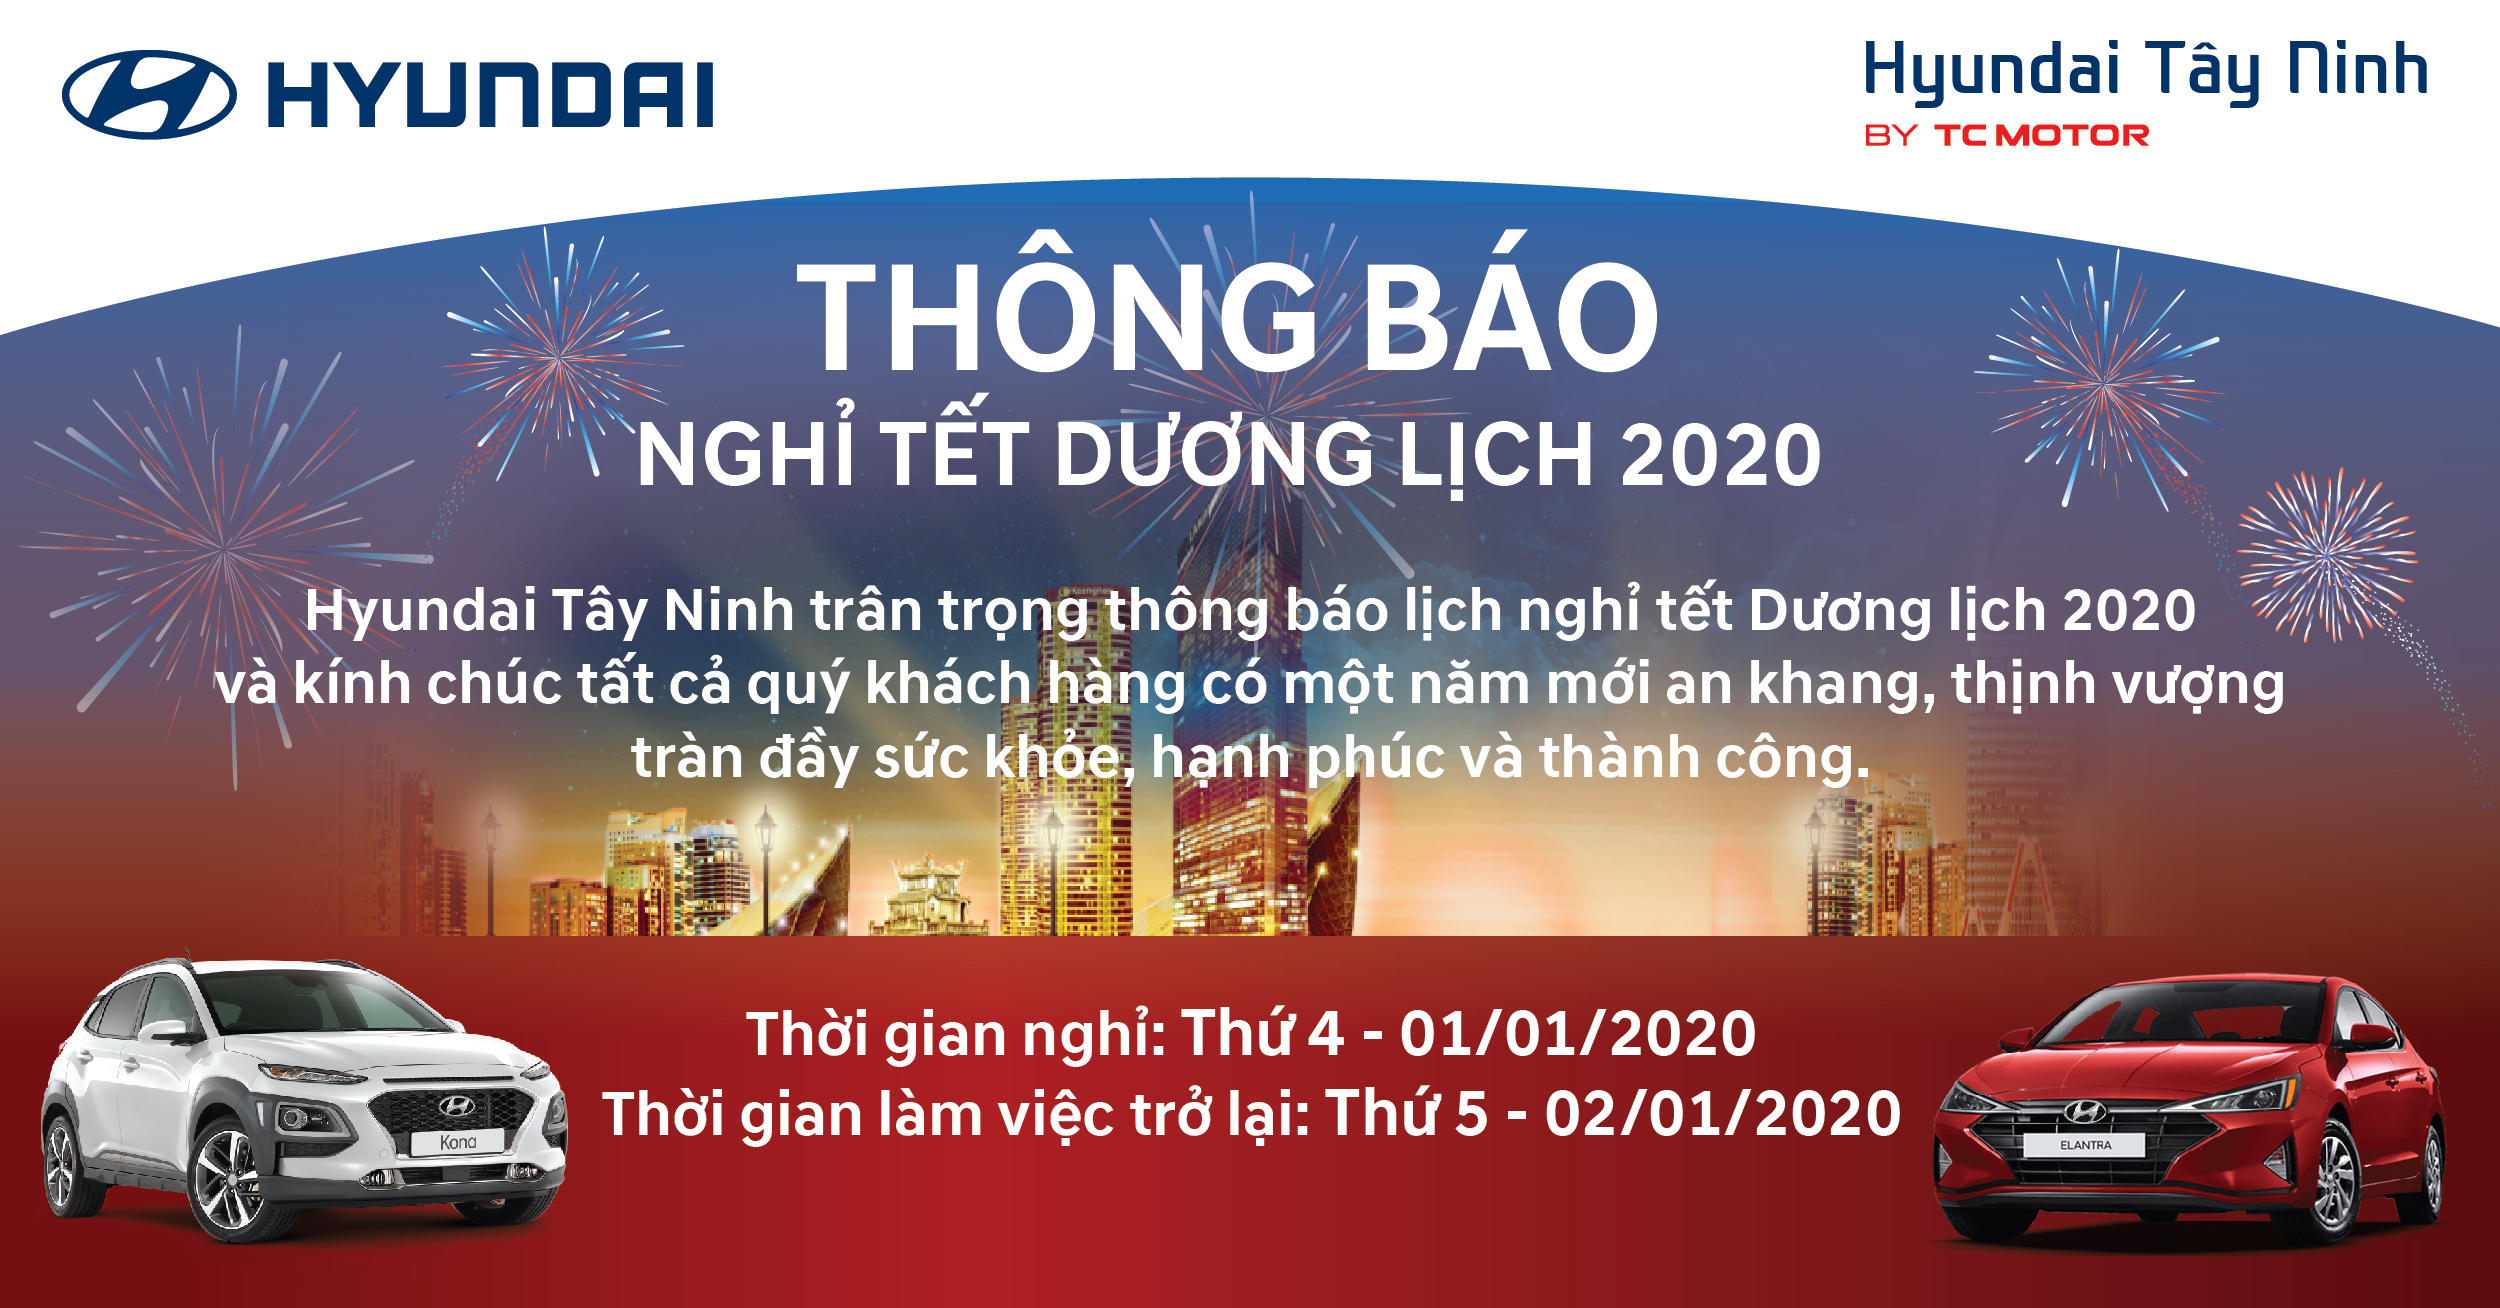 Hyundai Tây Ninh trân trọng thông báo lịch nghỉ tết Dương lịch 2020 ️
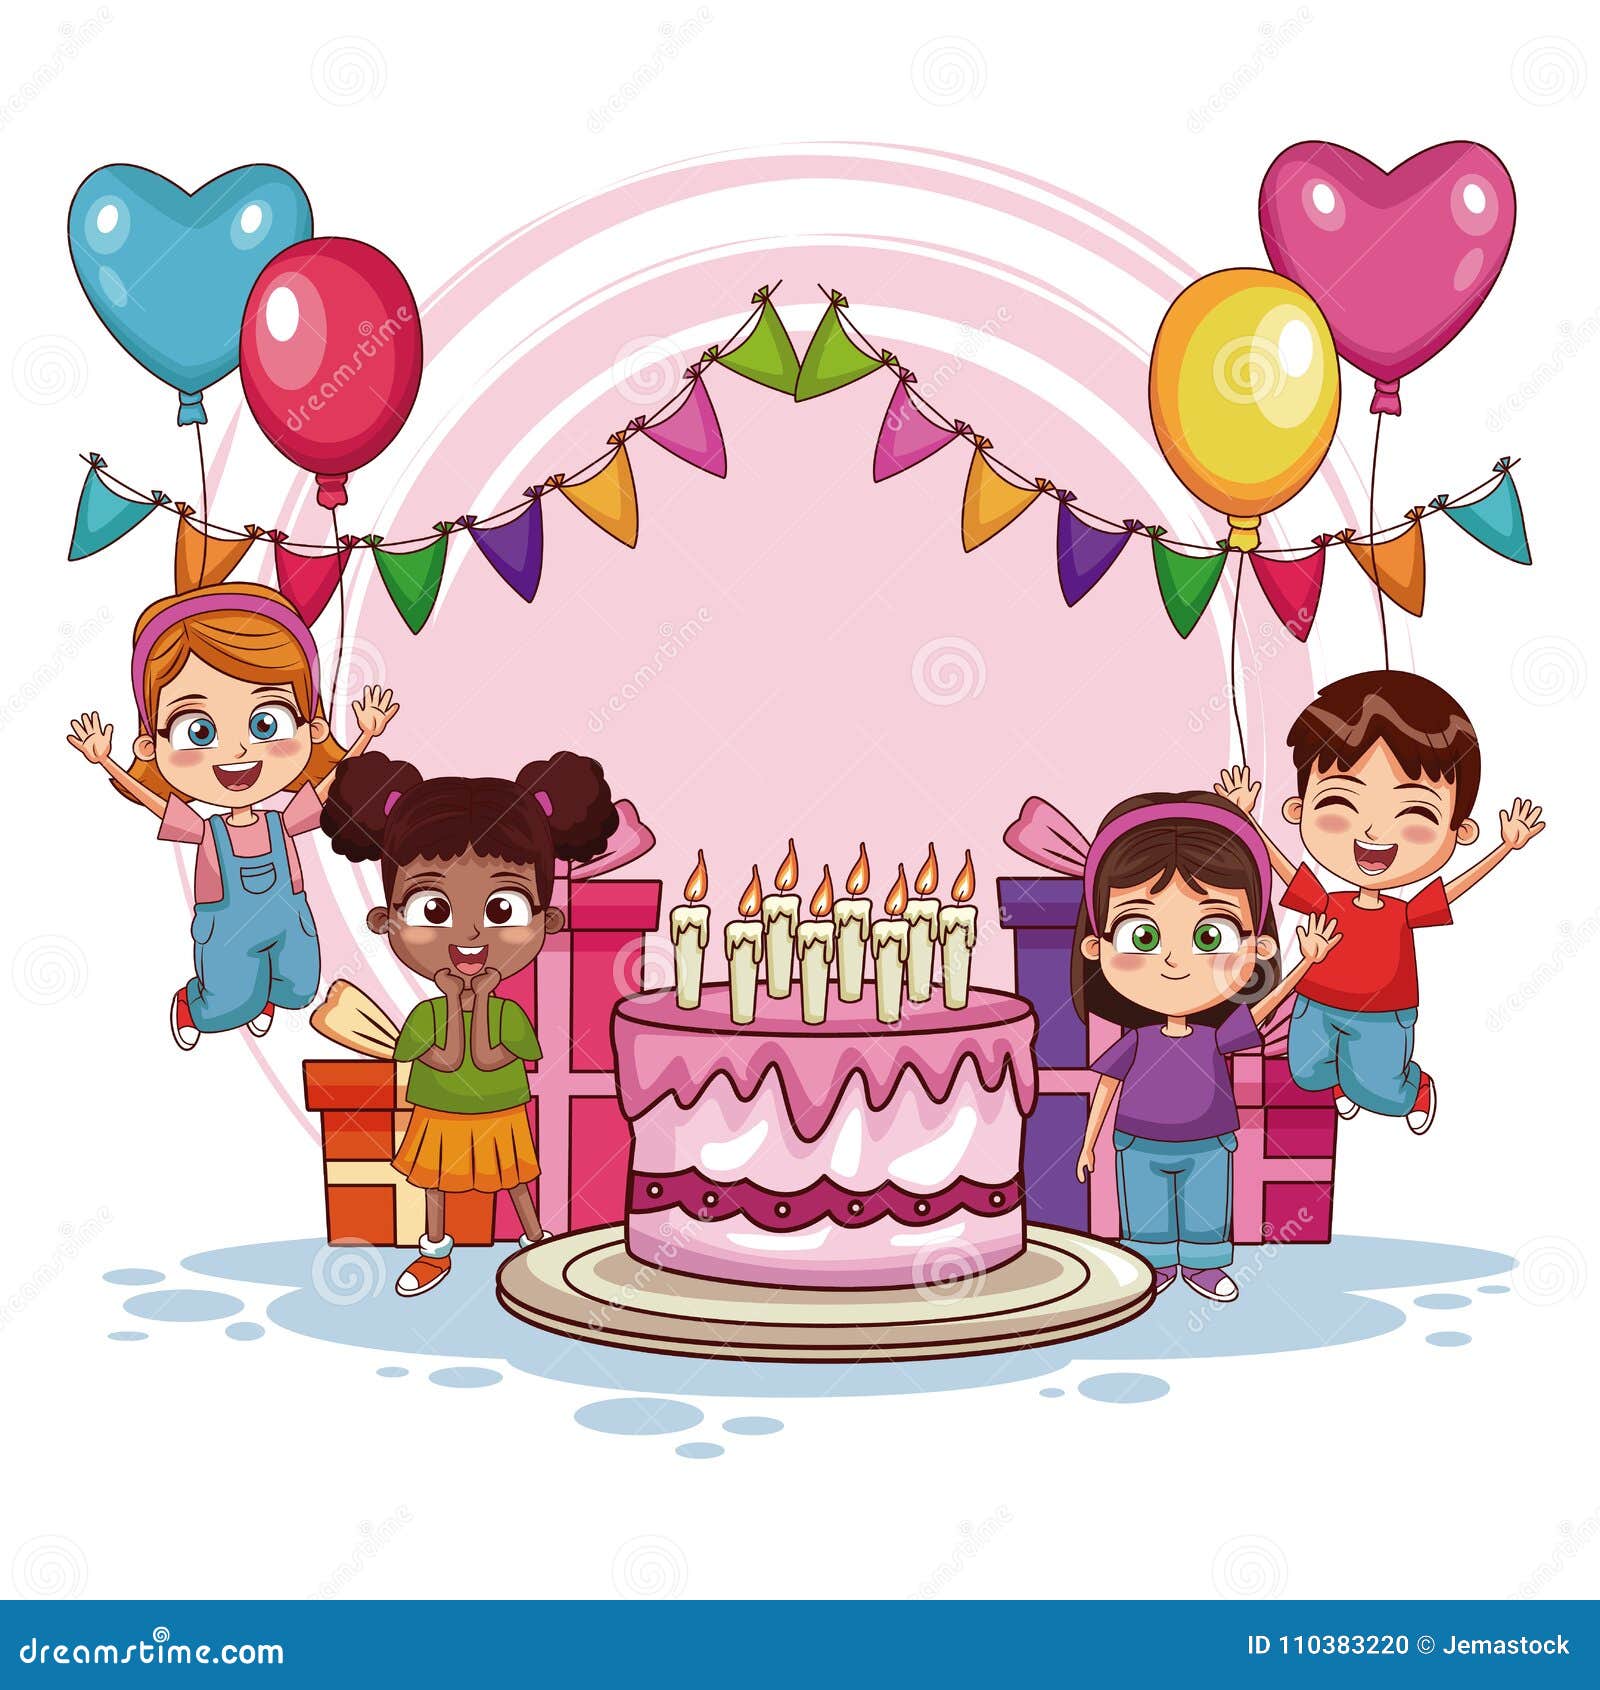 Ilustración de la fiesta de cumpleaños de los niños, decoración
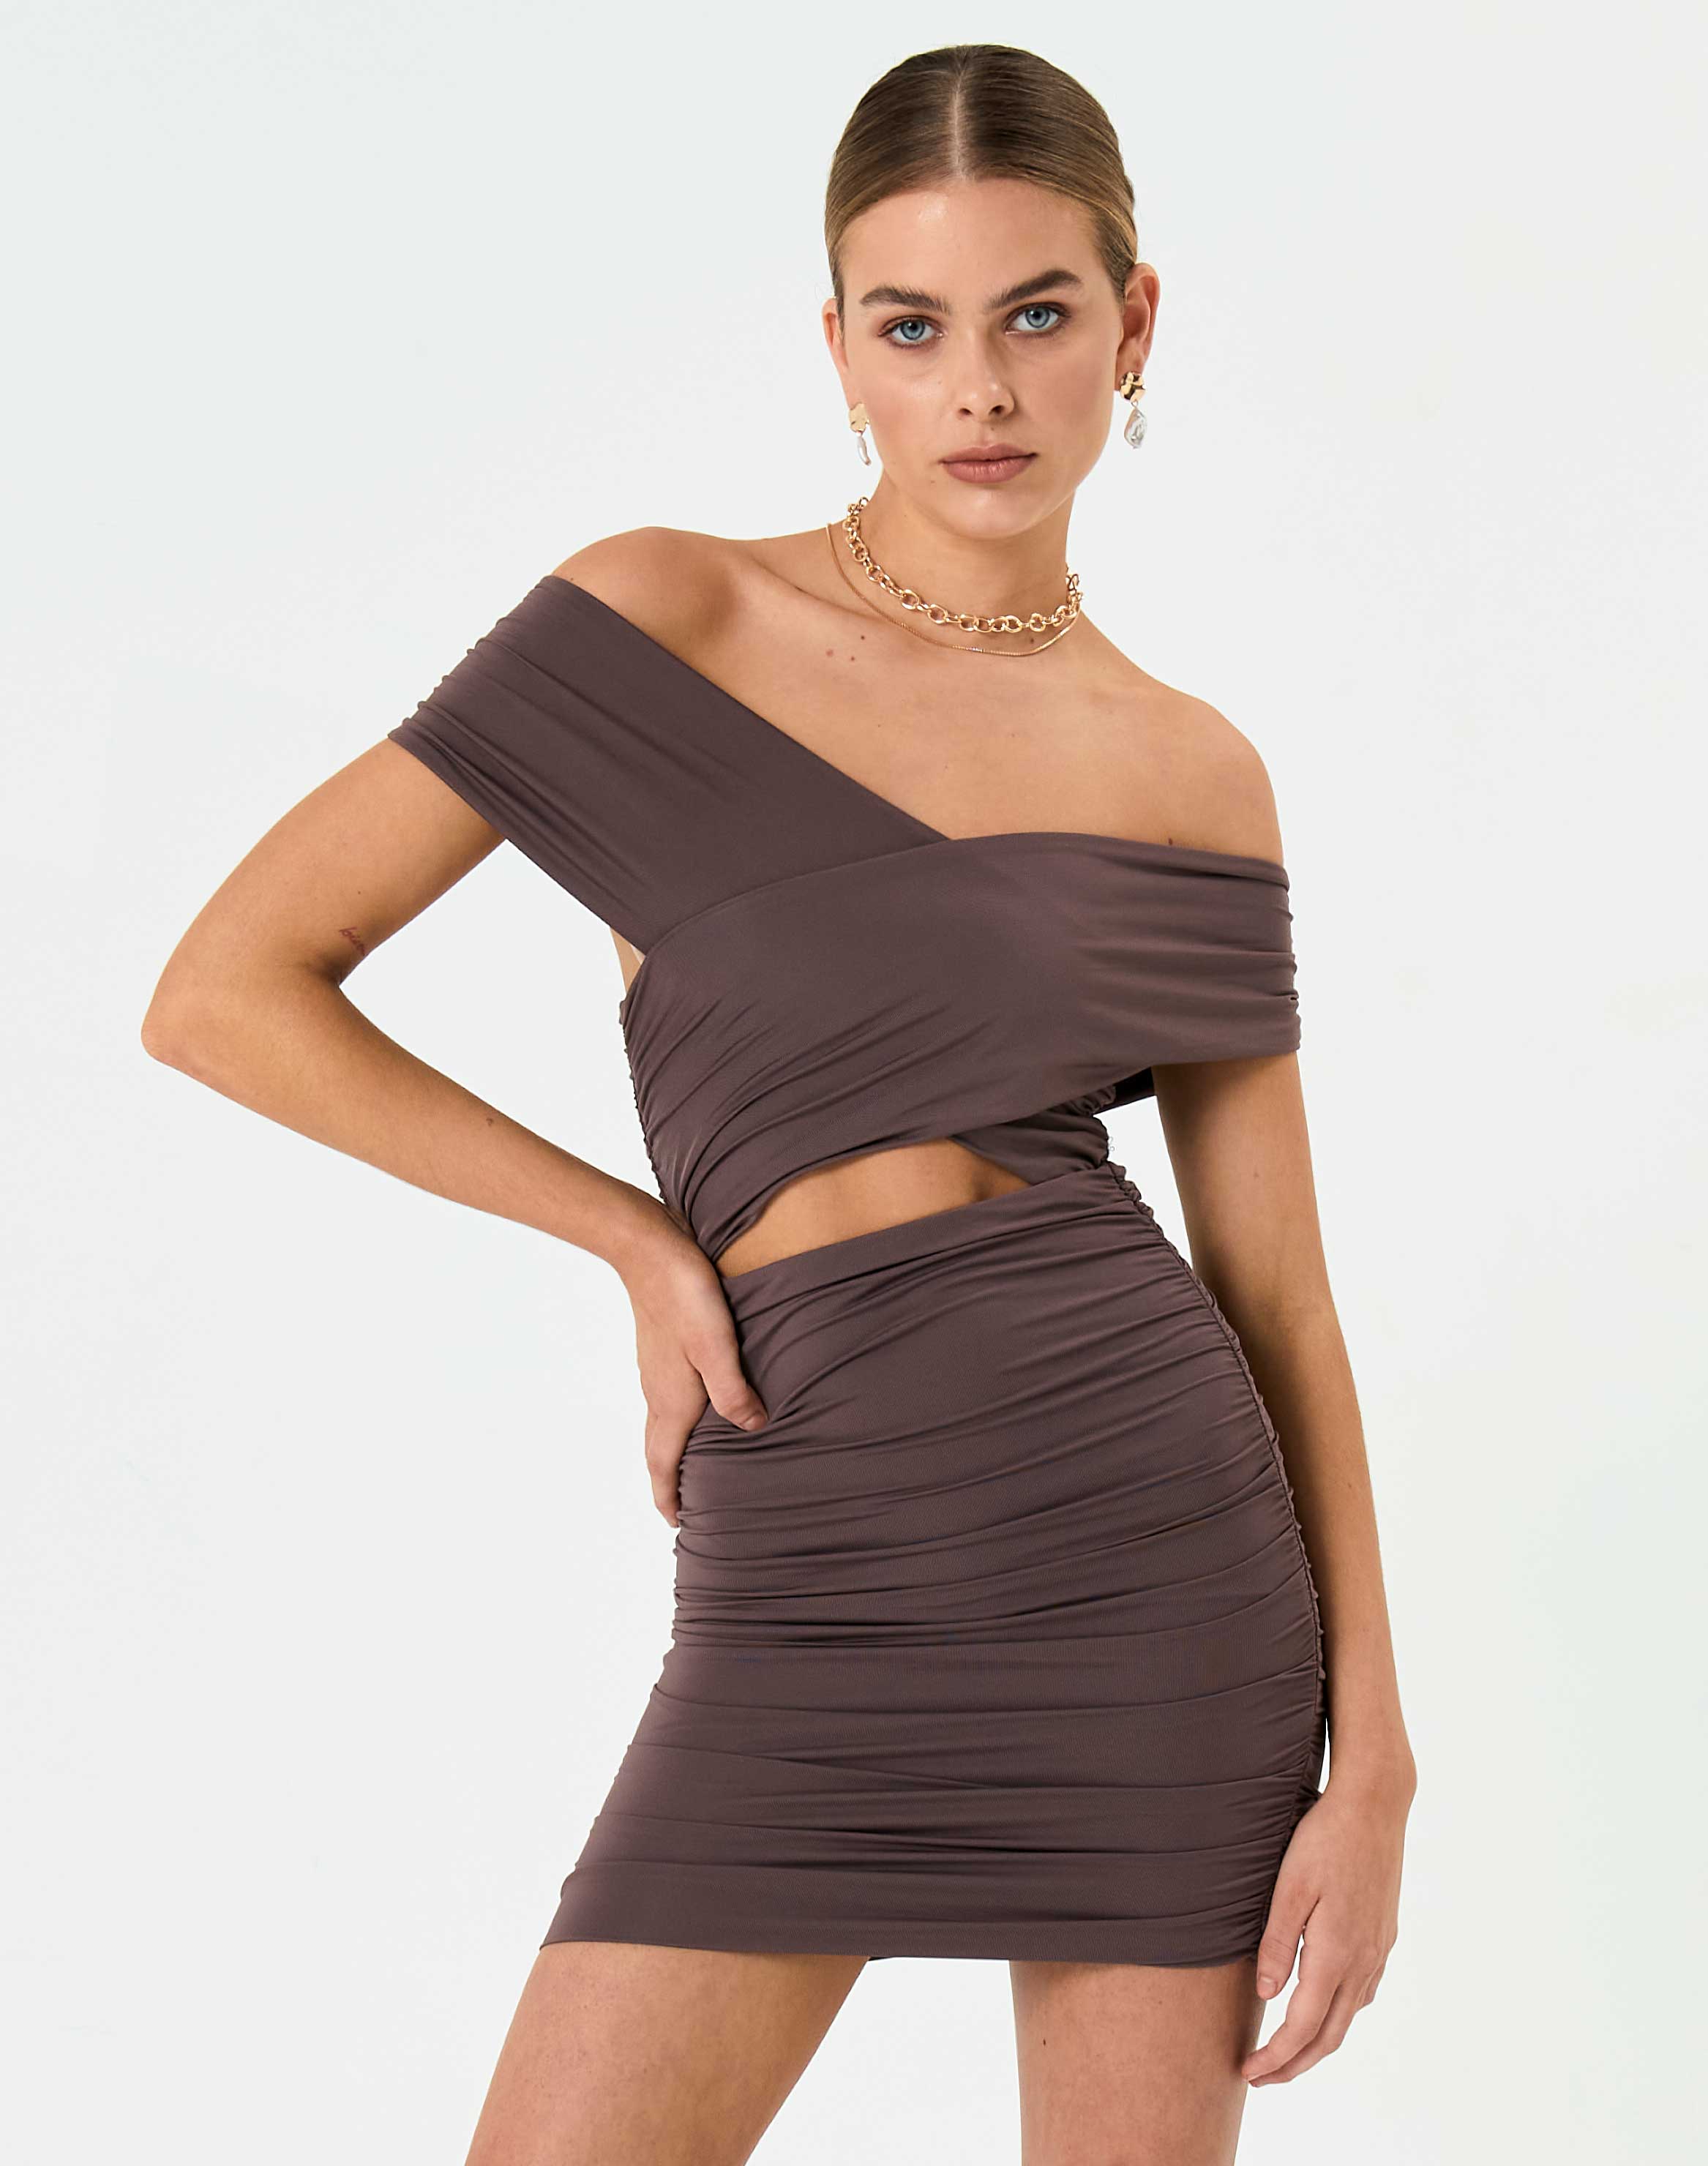 Wrap Dresses | Buy Wrap Dresses Online ...

Your instructions: Where a picture appears, skip it; repeat everything else in the data exactly.

Solved problem:
 Hyundai Tây Ninh trân trọng thông báo lịch nghỉ tết Dương lịch 2020 ️
 Ilustración de la fiesta de cumpleaños de los niños, decoración
 Wrap Dresses | Buy Wrap Dresses Online ...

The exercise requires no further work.